App store search plays an essential role in app store optimization (ASO), where the rule is simple: Get your app to rank for the best keywords based on certain criteria, such as highest volume and closest alignment with search intent, and do so for as many of those keywords as possible. This makes modern strategies for keyword optimization in ASO equally simple — so much so that seems oversimplified. Why? Because there’s only one type of such strategies that exists: “Use keywords effectively” to “get discovered” and, eventually, “downloaded via search” results by as many mobile users as possible.

The problem with this is: It lacks the flexibility or versatility that supports you well when:

  • You face dilemmas where equally valuable keywords are available but not all can be used.
  • You need to adapt to diverse goals and purposes.
  • You perceive new opportunities that require outside-the-box solutions and, thus, strategies.

This is why it’s critical to make sure your keyword strategies are versatile.

Fully open Swiss army knife
Image by Patrick, Unsplash

But How?

Keyword optimization requires an elaborate step-by-step process. Each of these steps would, then, has its own requirements and logic. When you strategize each step properly, you give the complete keyword strategy a strong component. Therefore, it’s essential to set up these componential strategies the right way. Here are the four major components to focus on:

  1. How to find keywords
  2. How to use keywords
  3. How to measure keywords
  4. How to optimize keywords

Here’s how to develop strategies for them.

How To Find Keywords

The first piece of the puzzle is central to keyword research: How to find potentially useful keywords for your app to rank for. While it looks straightforward, it’s by no means simple. Three factors need to be considered:

  • Where to find keywords
  • Who to find keywords with
  • How often should you find new keywords

To figure out where to find keywords, identify relevant sources of keyword ideas. For the purpose of this guide, I’ll focus on automated ways to find keyword ideas, such as using keyword tracking tools, due to higher scalability compared to traditional methods such as brainstorming or word association in brand/market research. You can use such tools to scan for keywords from the following two sources: The apps that are active in-app store search, and the ways they interact with each other.

To start with, most of us are used to spying on direct competitors as a reliable keyword source. This is great, yet incomplete. You may also find very good keywords from non-competing apps that rank for the keywords you desire as well. For example, if you work on a cooking guides app, keywords like “healthy food” may prove to be interesting, but they are sometimes found in fitness apps as well. The key, then, is to look beyond business competition and try to understand search competition.
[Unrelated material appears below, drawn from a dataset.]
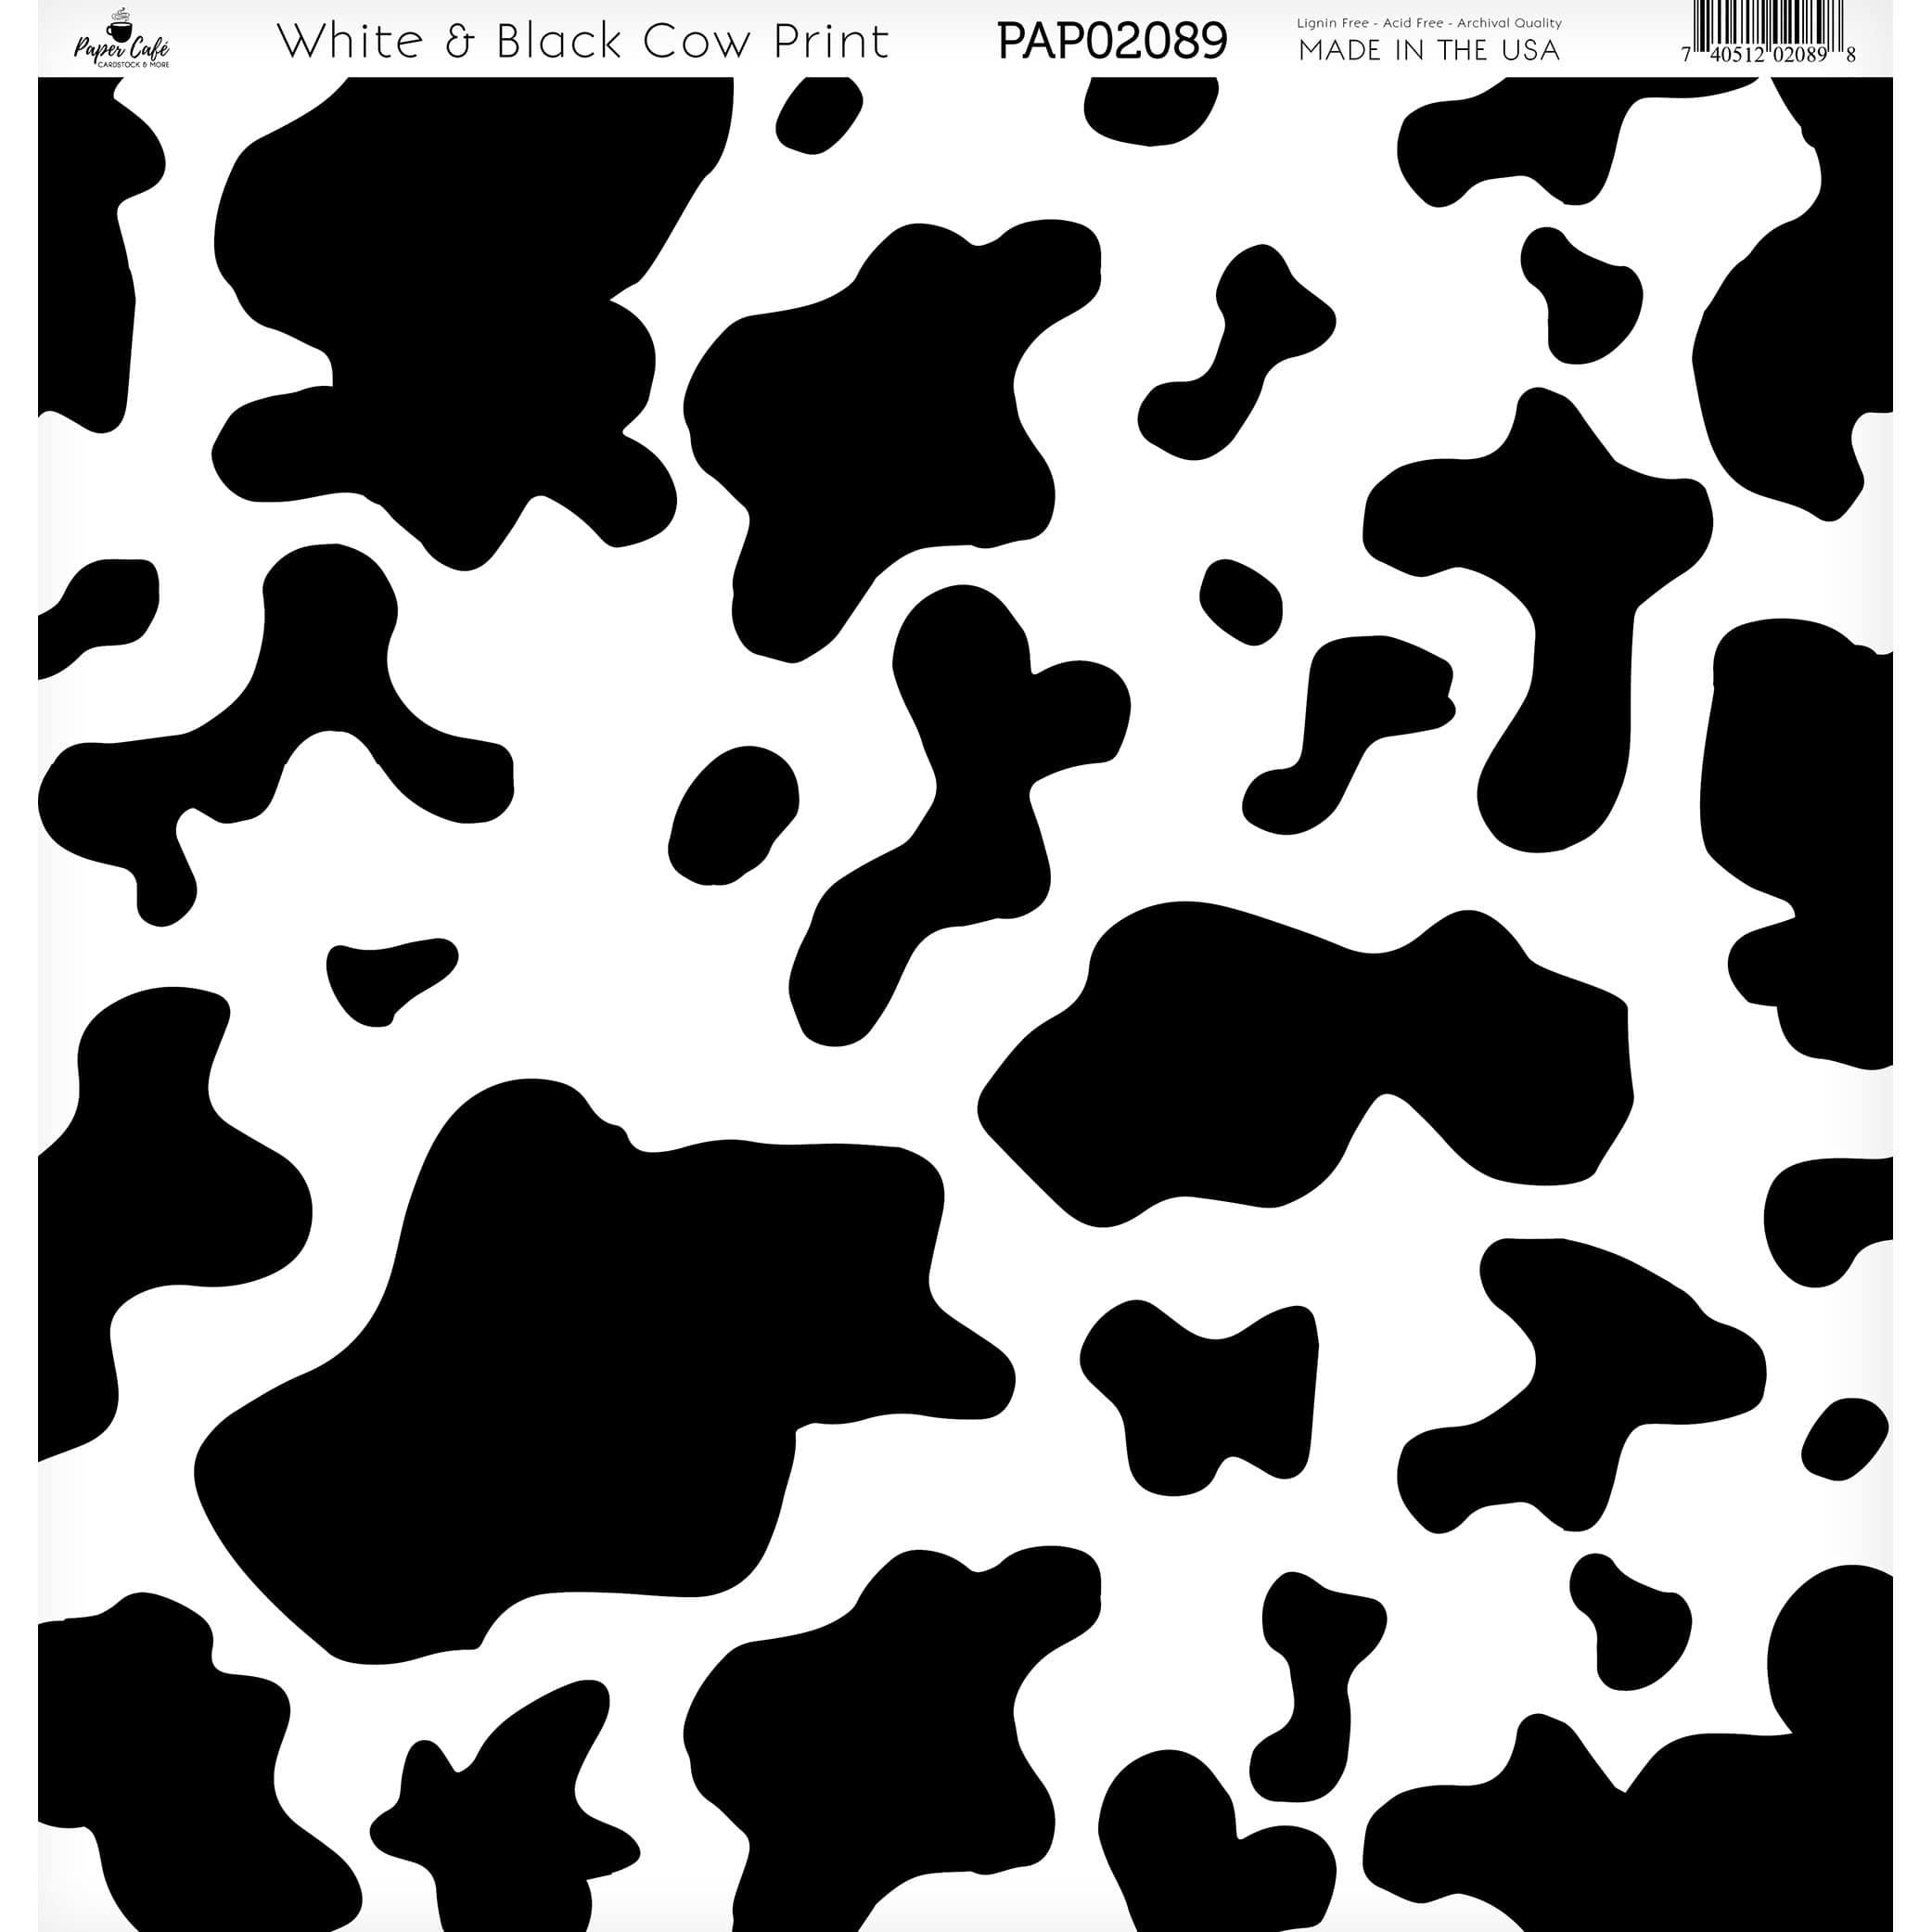 Cow Print Black White 18 2 Planner Calendar Scrapbooking Crafting

Next, the same app can be analyzed multiple times to extract keywords in multiple ways. Use a keyword tracking tool to scan and reveal keywords in its metadata, the keywords it ranks high for, or the keywords it converts the most installs from, among other dimensions. In this stage, you get to understand each app’s search behaviors, and they serve as a great source of keywords as well.

Man looking through a magnifying glass
Image by Evgeni Tcherkasski, Unsplash

To identify who to find keywords with, consider the match between the language keyword research is done in and the proficiency in that language of the person doing it. If the match is poor, the person doing keyword research doesn’t comprehend well what the keywords mean and, hence, doesn’t understand the complex contexts that imply their search intents.

The strategy, in this case, is to rely almost entirely on automation options provided by keyword tools. This is where decision-making depends more on quantitative data, e.g. search volume, ranking positions, and estimated downloads on a keyword level. Finally, the best keywords with the highest perceived quantified value should be passed on to someone with high linguistic skills like a copywriter to formulate metadata assets.

By contrast, if the person speaks the language well, e.g. on a native level, qualitative data should be included in keyword research. This means possible variations of each keyword (spelling, grammar, etc.) can be introduced early on. It also means quality control may come in from the beginning as the person can spot errors effortlessly. This is where a slow but sure strategy may fit better than an automated one.

Finally, as keyword research may be repeated or revised over time to support iterative optimization, it’s important to define how often you do it. You can do it once or twice per year, end up with a massive backlog, then gradually refining it by eliminating irrelevant or low-performing keywords over time. Or, you can do it every week or month, each brings in a fresh set of keywords at the cost of your time and labor. Either way, there’s a decision to make, and wherever you make decisions, you already strategize.

How To Use Keywords

After you’ve done the keyword research, you need to decide how to use its result for the highest possible impact. Since it’d involve hundreds or thousands of individual keywords to consider, decisions have to be made. Eventually, the decisions you make form the foundation of your strategy for how to use keywords.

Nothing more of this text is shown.